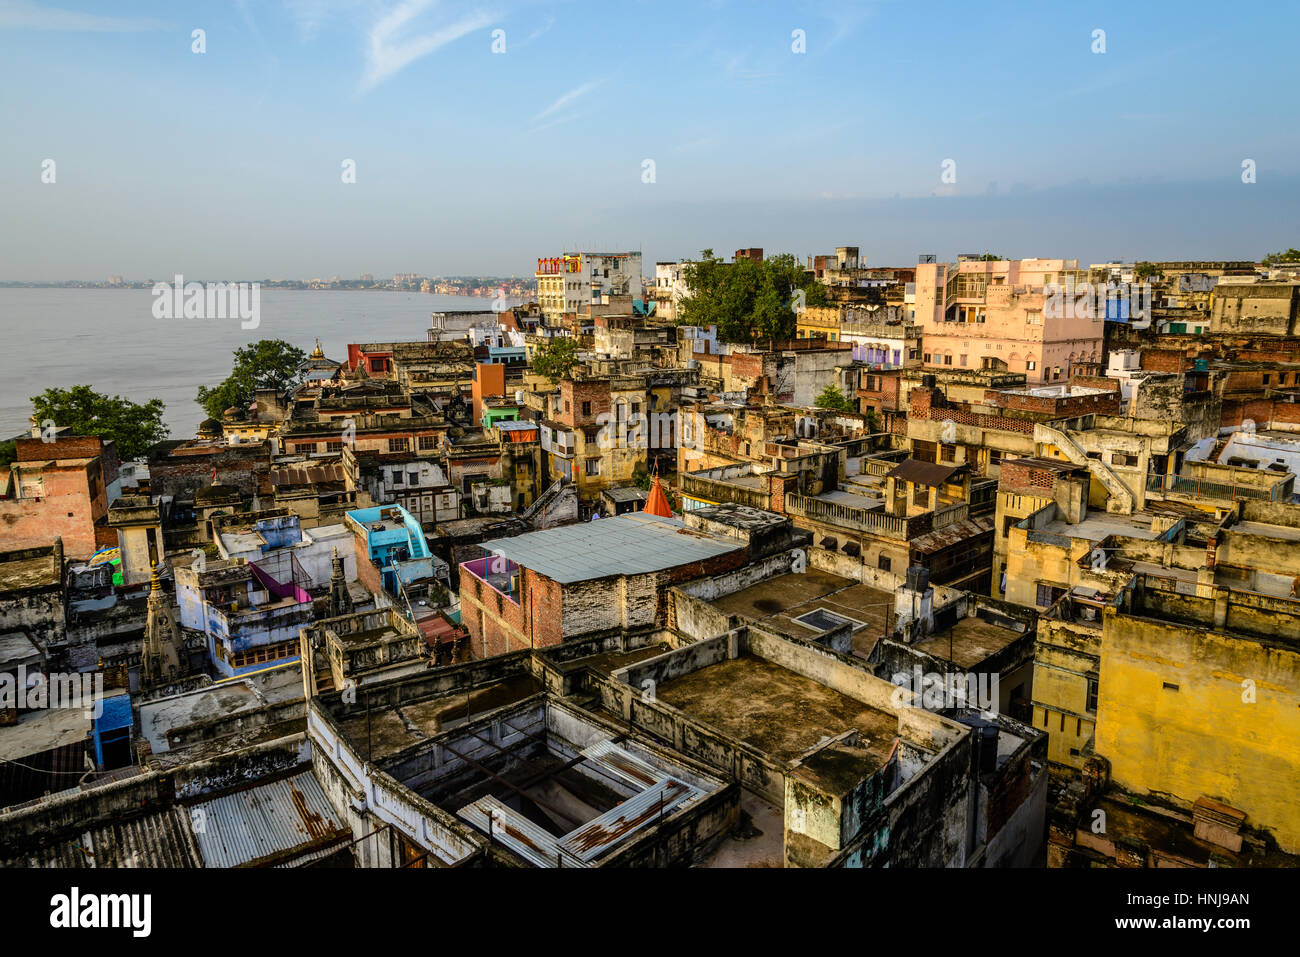 Old city of Varanasi, India Stock Photo
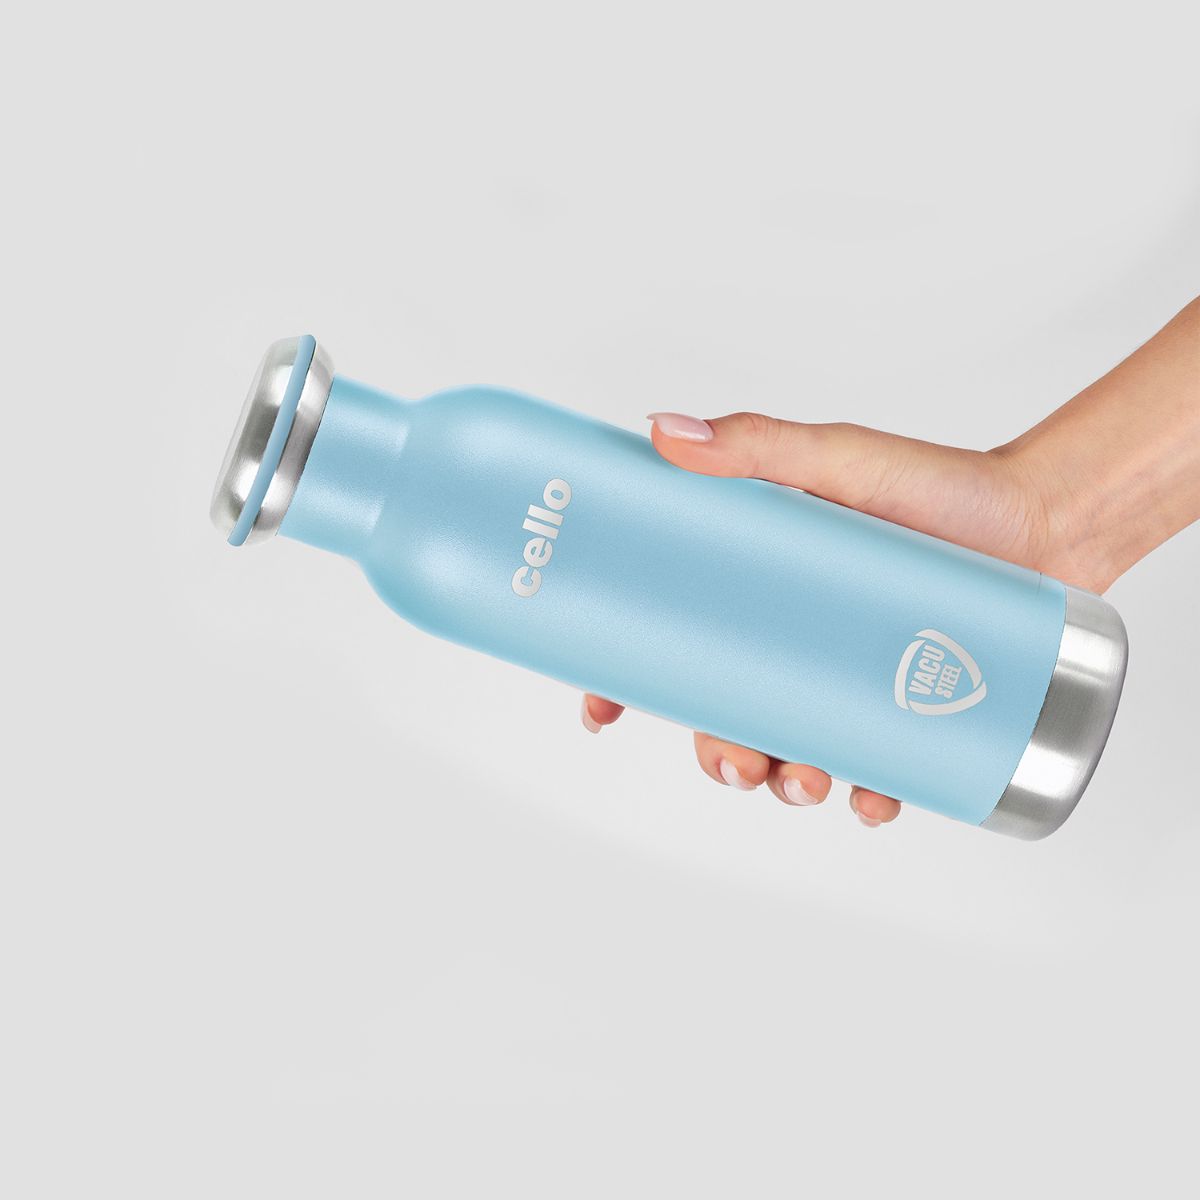 Duro Sip Flask, Vacusteel Water Bottle, 600ml Blue / 600ml
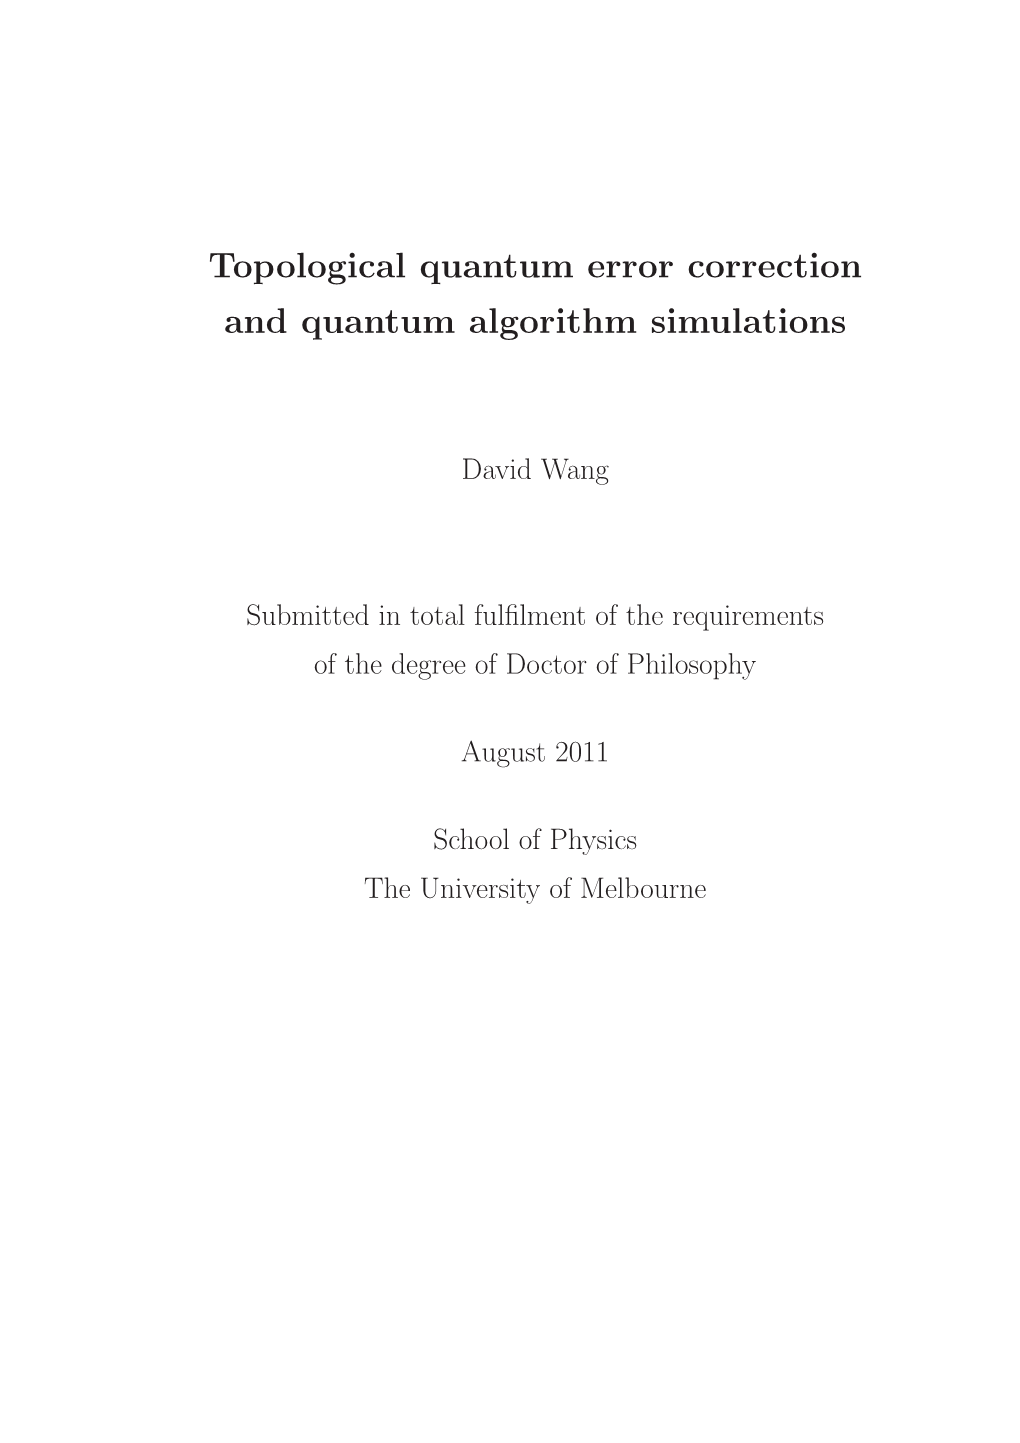 Topological Quantum Error Correction and Quantum Algorithm Simulations
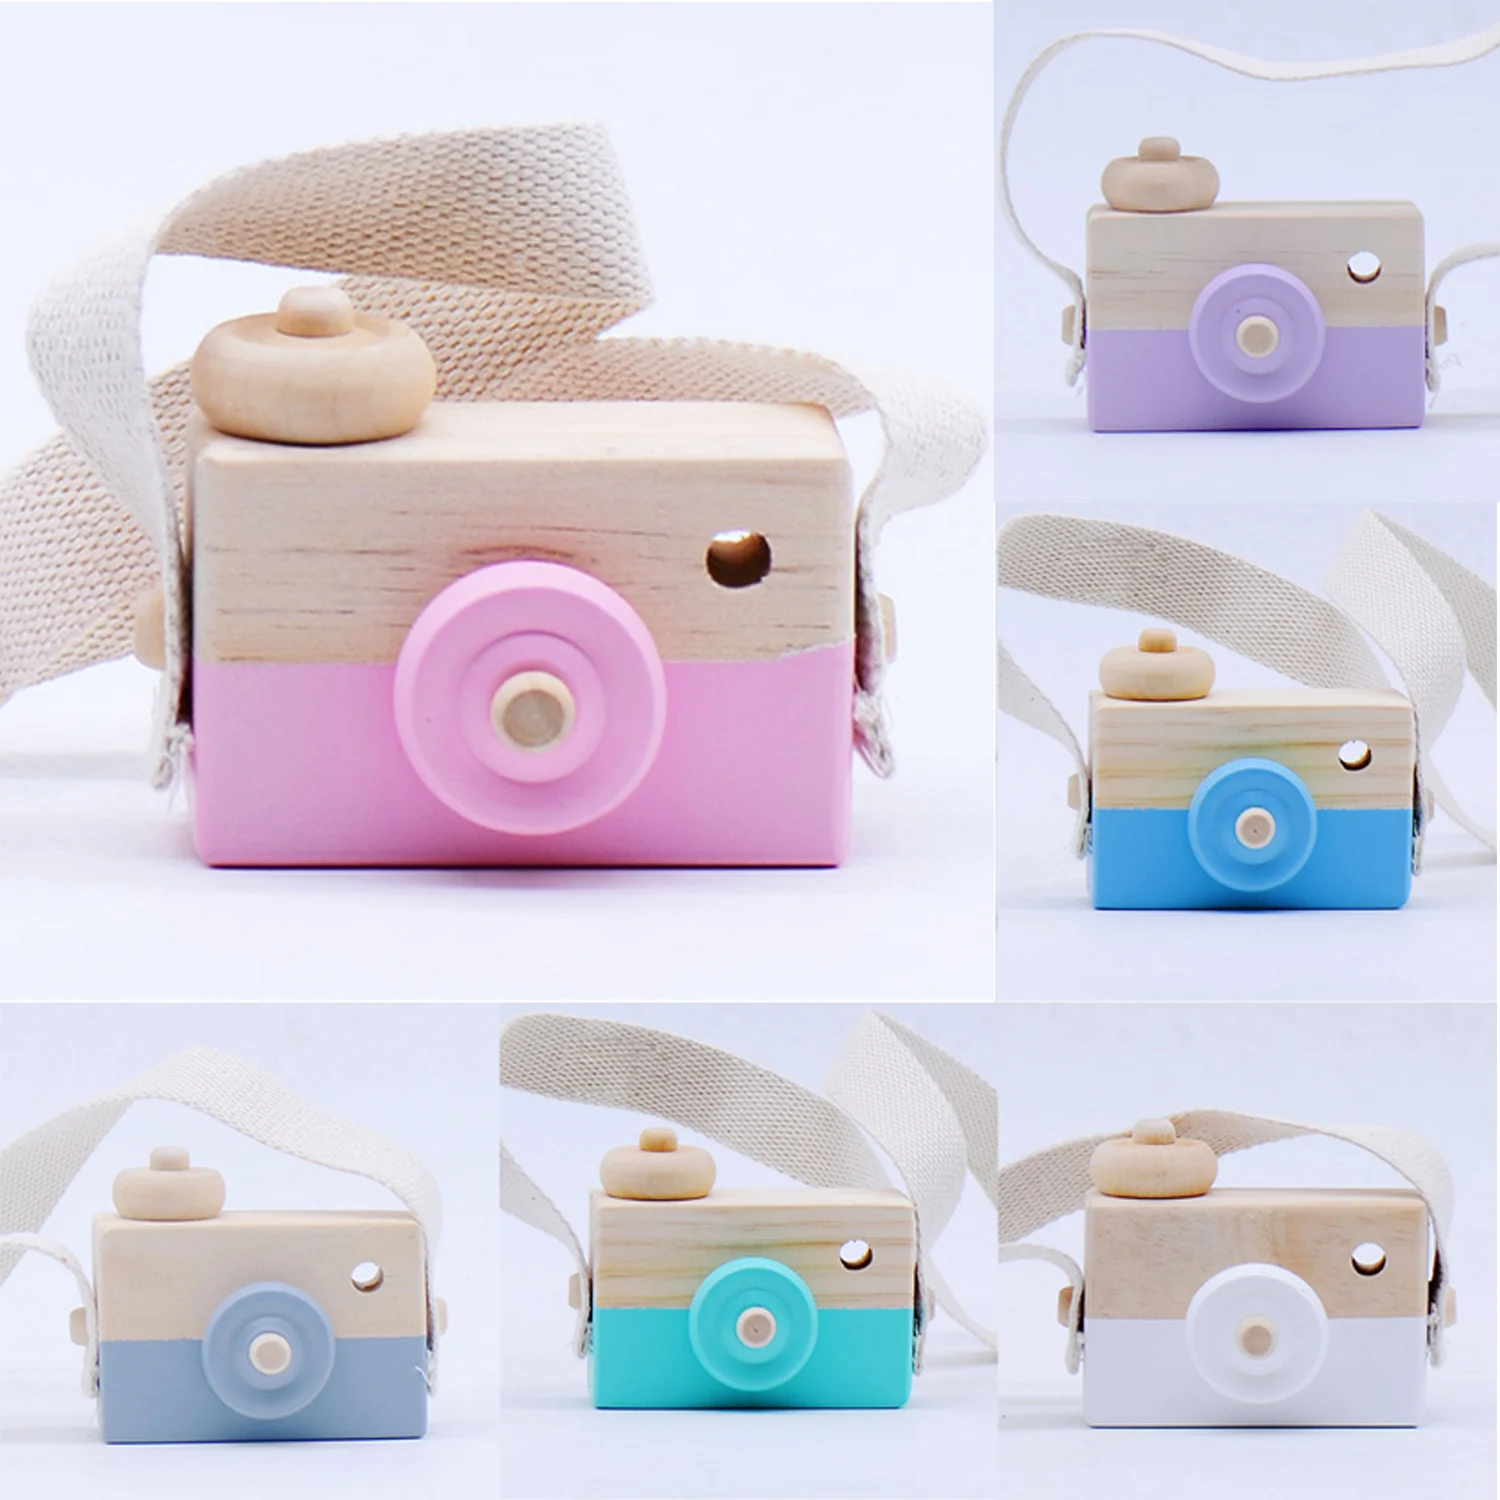 Enfants mignon Mini caméra en bois naturel jouet photographie accessoires suspendus caméra jouets bébé jouet éducatif anniversaire cadeaux de noël
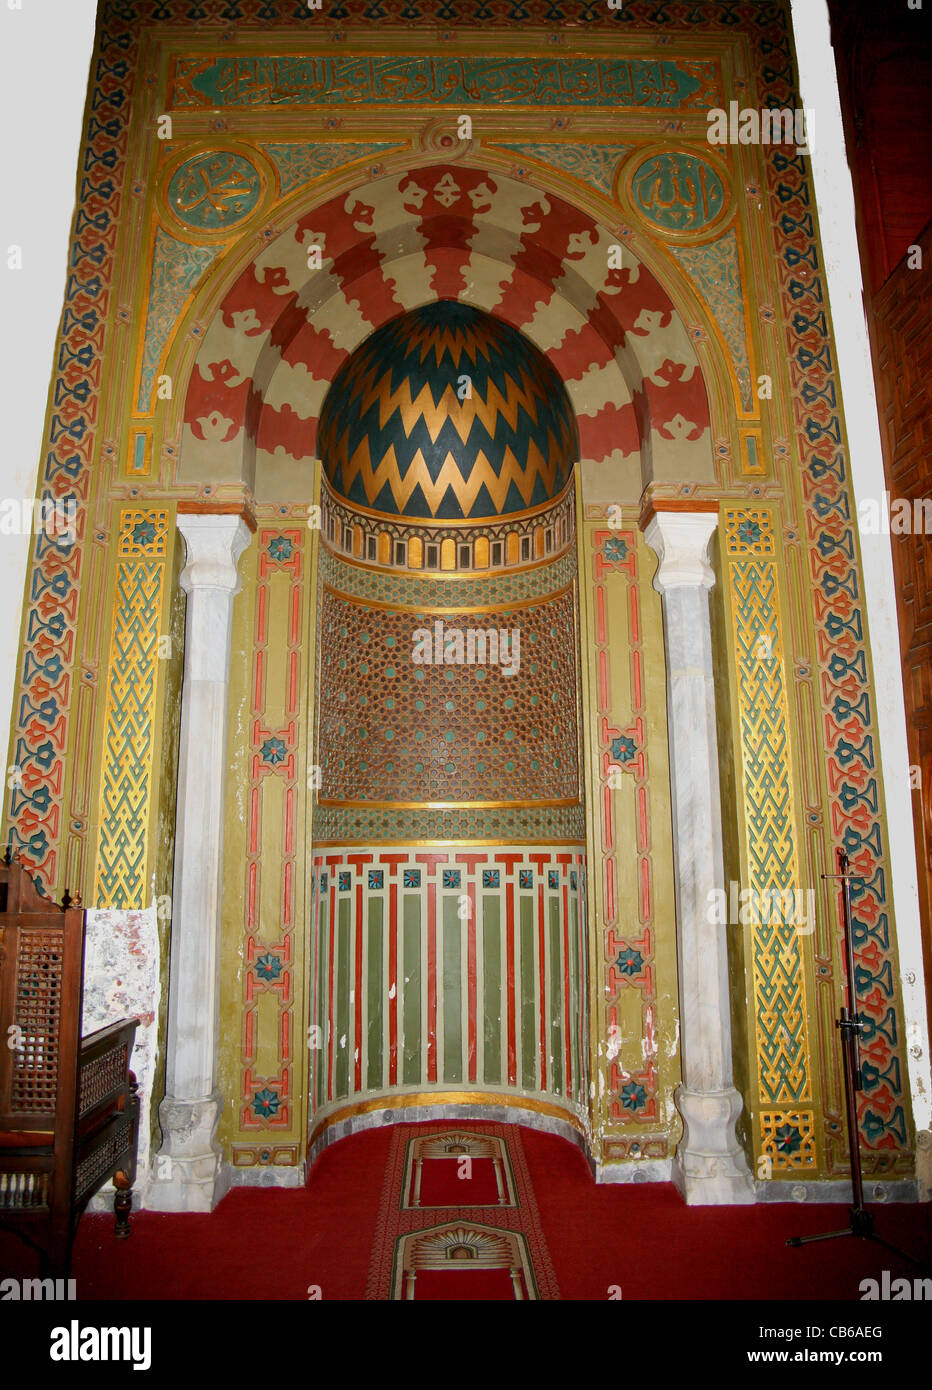 Il mihrab nella Moschea di AMR, fu originariamente costruito nel 642 d.C., come il centro della capitale di nuova fondazione dell'Egitto, Fustat (Cairo). Foto Stock
:::::
◆ PROBLEM REQUIREMENTS
Everything above should be given again exactly, apart from the pictures.

◆ ANSWER TO THIS TASK
 Old city of Varanasi, India Stock Photo
 Duro Sip Flask, Vacusteel Water Bottle, 600ml Blue / 600ml
 Topological Quantum Error Correction and Quantum Algorithm Simulations
 Enfants mignon Mini caméra en bois naturel jouet photographie accessoires suspendus caméra jouets bébé jouet éducatif anniversaire cadeaux de noël
 Il mihrab nella Moschea di AMR, fu originariamente costruito nel 642 d.C., come il centro della capitale di nuova fondazione dell'Egitto, Fustat (Cairo). Foto Stock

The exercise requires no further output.